Another research group has reached opposing conclusions however. Sharon Walmsley and colleagues in Toronto found that CD36 expression declined in patients treated with lopinavir-containing HAART regimens. In an editorial in this month’s Journal of Clinical Investigation, David Hui of University of Cincinnati College of Medicine suggests that the discrepancy may be down to the nature of the cell lines used to test the effect on CD36. Whilst the Toronto group used human monocytes, the Kentucky group used macrophages. Dr Hui suggests that protease inhibitors may have opposite effects in macropheges and monocytes, and the down-regulation of CD36 on monocytes may explain impaired glucose tolerance, insulin resistance and hyperlipidemia.

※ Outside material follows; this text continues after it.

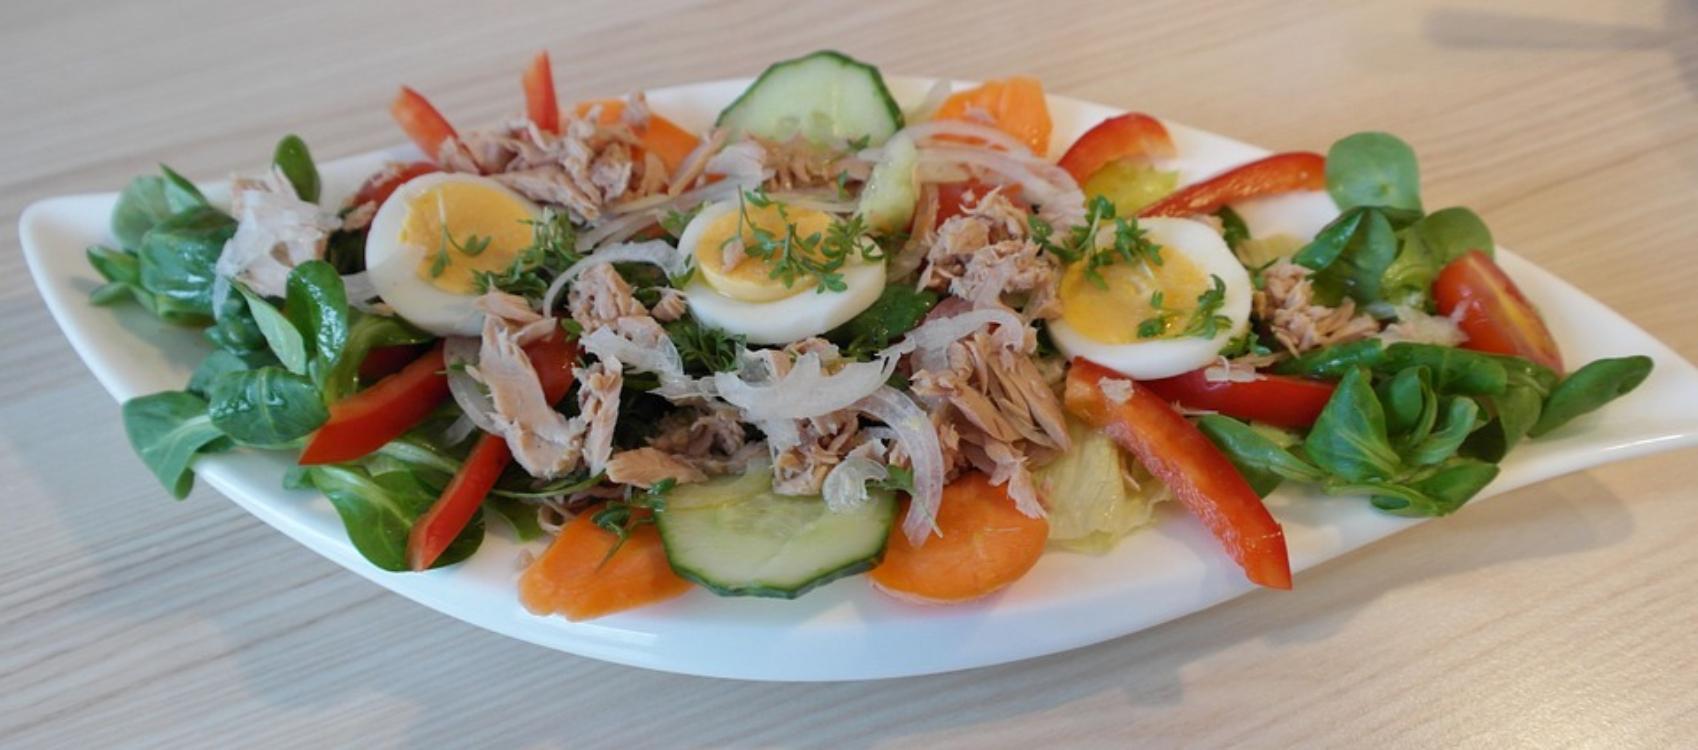 Receita (muito) saudável de salada de atum!

“CD36 is a major fatty acid transporter in tissues with high metabolic capacity. Its down-regulation in tissues such as the heart, adipose and skeletal muscle would impair fatty acid utilisation and decrease insulin responsiveness in these tissues, thus resulting in glucose intolerance, insulin resistance and hyperlipidemia. These two effects may act synergistically in promoting premature atherosclerosis”, he comments.”

Further information on this website

Heart disease and HAART - overview of current evidence on cardiovascular disease and anti-HIV treatm,ent, including discussion on other mechanisms by which HAART might cause atherosclerosis.

References

Dressman J et al. HIV protease inhibitors promote atherosclerotic lesion formation independent of dyslipidemia by increasing CD36-dependent cholesteryl ester accumulation in macrophages. J Clin Invest 111: 389-397, 2003.

Hui DY. HIV protease inhibitors and atherosclerosis. J Clin Invest 111: 317-318, 2003.

Serghides L et al. CD36 deficiency induced by antiretroviral therapy. AIDS 16: 353-358, 2003.